As an insomniac, getting to sleep was very difficult (obviously) when the temperature was not perfect. A few years ago, I was trying to fall asleep on a very hot day in the summer. I cannot even emphasize how hot this day was. As I started to attempt the impossible feat of falling asleep, I imagined myself in a ridiculously cold place while I was trying to fall asleep. I was able to enter my dream to see I was at a glacier, climbing it with all my friends. It did not take me very long at all to realize that this was a dream because of the ridiculous change in temperature.

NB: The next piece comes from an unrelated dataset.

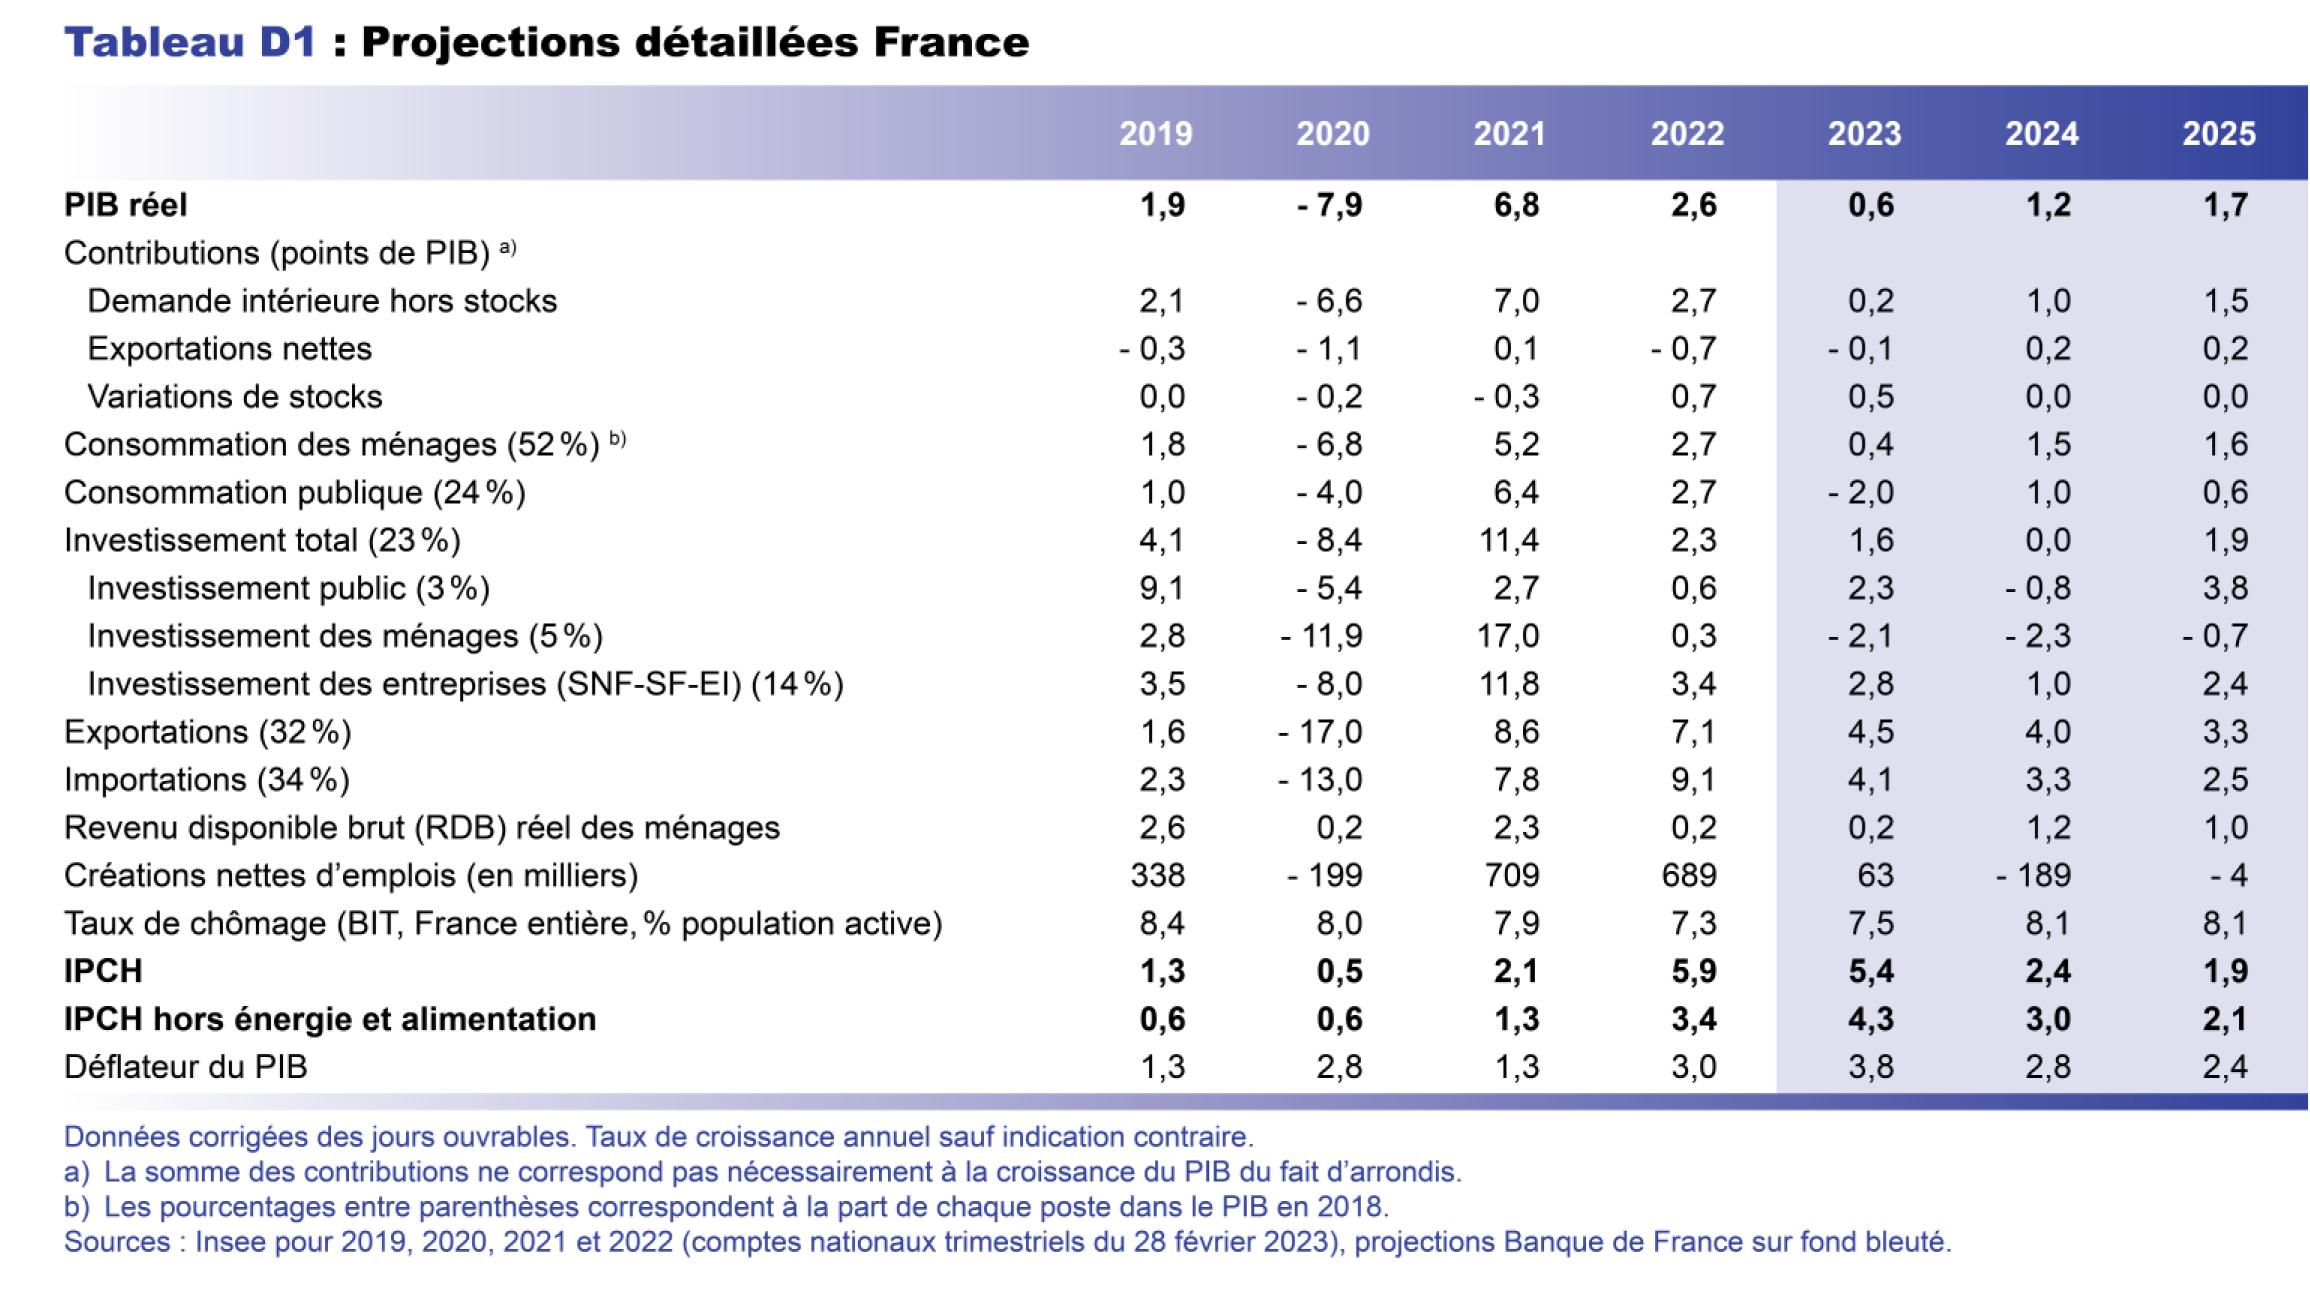 Projection macro mars 2023 - Projections détaillées France

Since that night, I have been able to enter a complete lucid state by imaging the same  cold place. Whenever I fell asleep thinking about my glacier, I would enter a perfect lucid dream (which actually cured my insomnia). Since then, my techniques have become much more sophisticated and complicated to understand, but I have a few tips for entering a *temperature induced lucid dream*.

*1)* Construct your dream environment. What I mean by this is indulge yourself with things in the environment. For instance, watch a video about riding camels in the desert before trying to enter the desert in your dreams. I strongly believe that this will make it easier to vividly create the environment and enter it.

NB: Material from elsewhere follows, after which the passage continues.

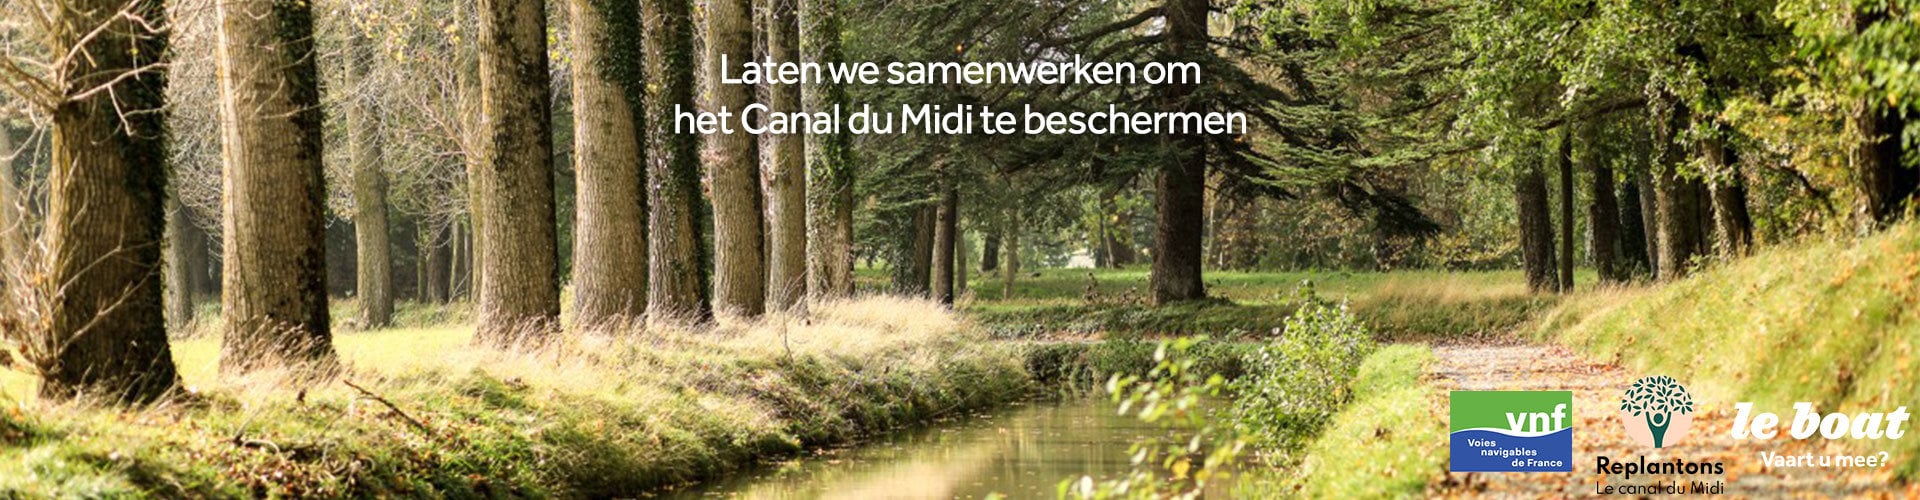 Laten we samenwerken om het Canal du Midi te beschermen

*2)* Enter an environment _OPPOSITE_ to the one you will be imagining. 
*Ex: Being in a hot room in the summer and imagining a cold glacier in the winter.*

*3)* While trying to fall asleep, pay close attention to not your temperature, but the temperature of the world you're trying to enter. This is probably the most important step in the entire process, as it will solidify the realism of the dream, and might be the difference between a lucid dream and a simple but good one.

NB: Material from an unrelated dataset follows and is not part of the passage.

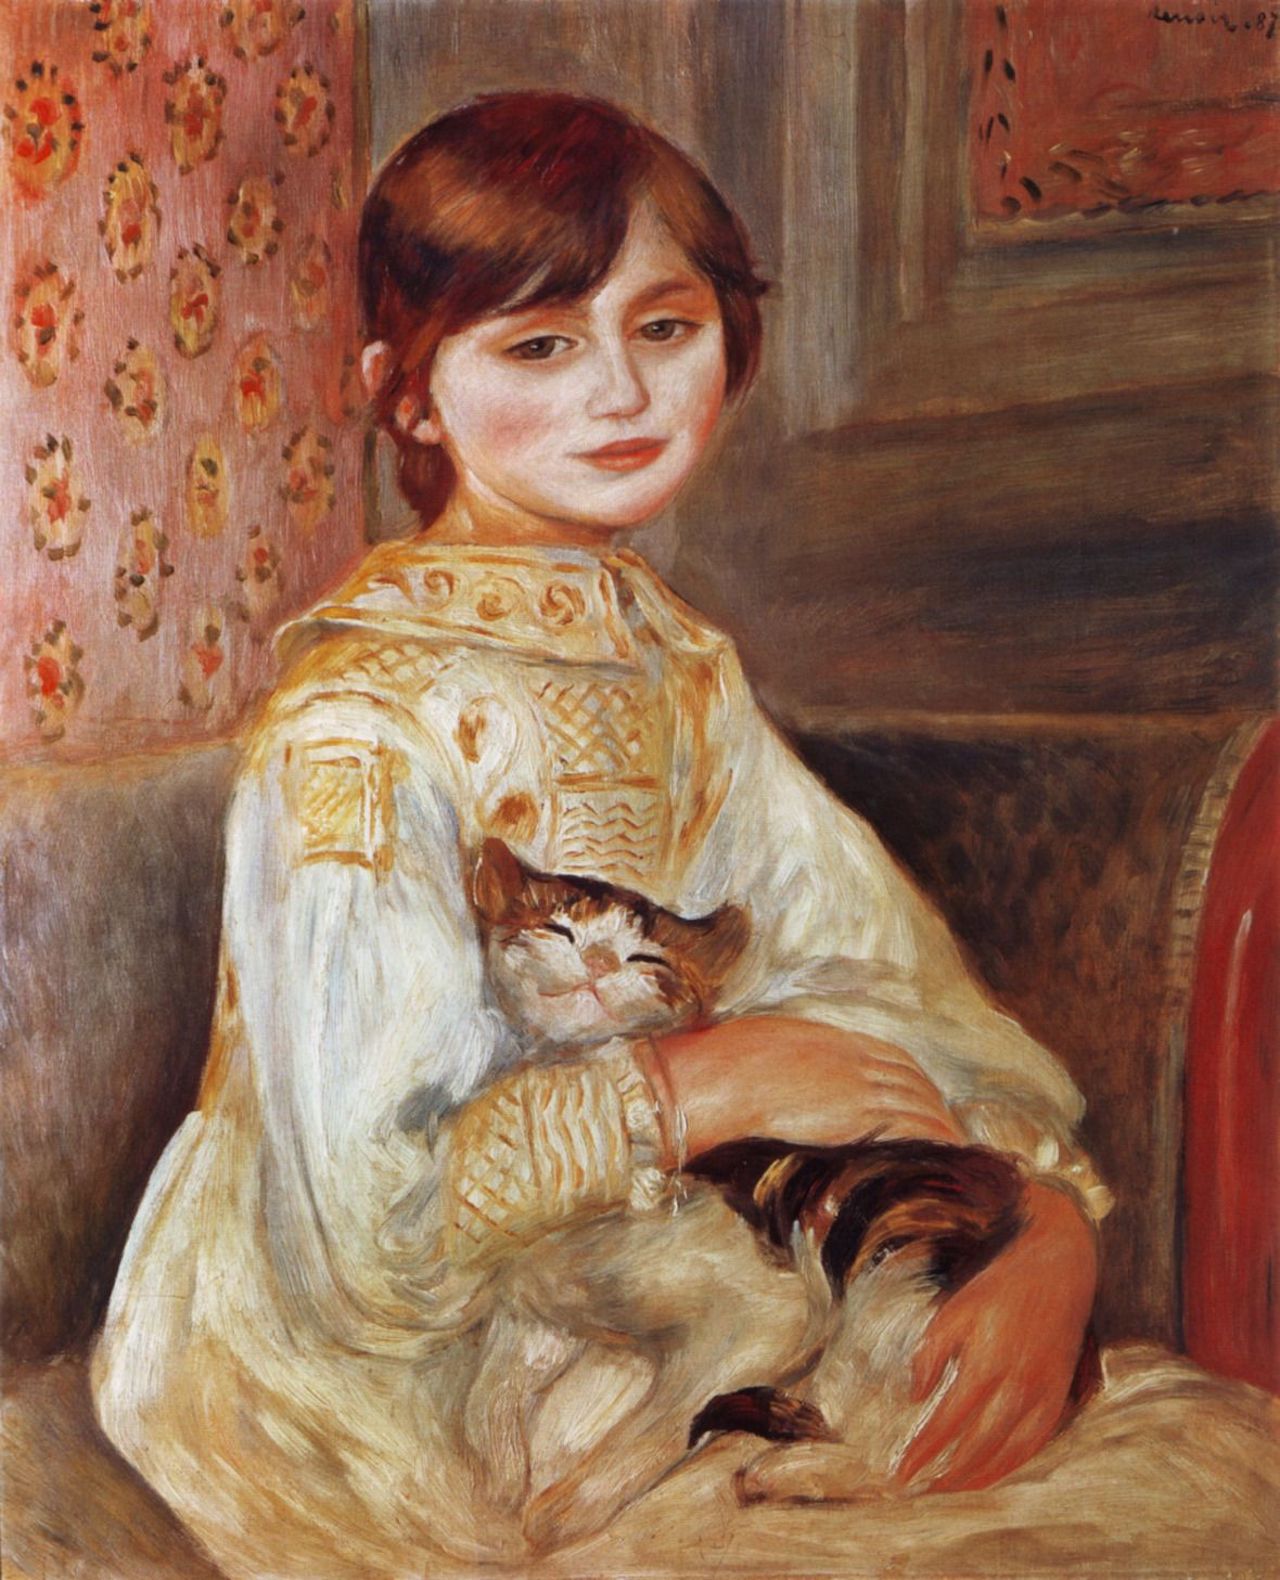 Kind mit Katze by Pierre-Auguste Renoir - 1887 - 54 x 65 cm Musée d'Orsay

*4)* Upon almost falling asleep, quickly think about the temperature that you were in before. If performed correctly, you will enter your cold dream feeling hot, which should easily trigger you to realize that you are in a dream; enjoy the lucidity.


I hope this guide was of some use to anybody out there. I am brand new to these forums, and I hope to contribute as much knowledge as I can one post at a time!

----------


## lonewolf101

i might try this tonight. I'm pretty much just racking up on WILD techniques to do

----------


## Ctharlhie

I would suggest this is a variant of V-WILD (visualisation WILD) than an a new induction technique, but cool idea nonetheless, one of the things that helps with good V-WILD imagery is integrating tactile imagery which this does  :smiley:

----------


## Killing

This is interesting, I might try it. It would probably be more effective during a nap or a WBTB, though.

----------


## CloudOFmichael

> I would suggest this is a variant of V-WILD (visualisation WILD) than an a new induction technique, but cool idea nonetheless, one of the things that helps with good V-WILD imagery is integrating tactile imagery which this does



Who the hell cares what category this technique falls under... This person brought forth a new idea to the DV community and that is all that matters, not its parent technique. Sorry but it drives me crazy when people spend time posting the most pointless things on this forum.
*end of rage*
I'm trying this technique tonight Ollie and I'll post my results on this thread, thank you for bringing something NEW and ORIGINAL to this forum  :smiley: .

----------


## LDman

I see why this technique might work, your brain has a conflicting signal of hot and cold which confuses it... I think.

----------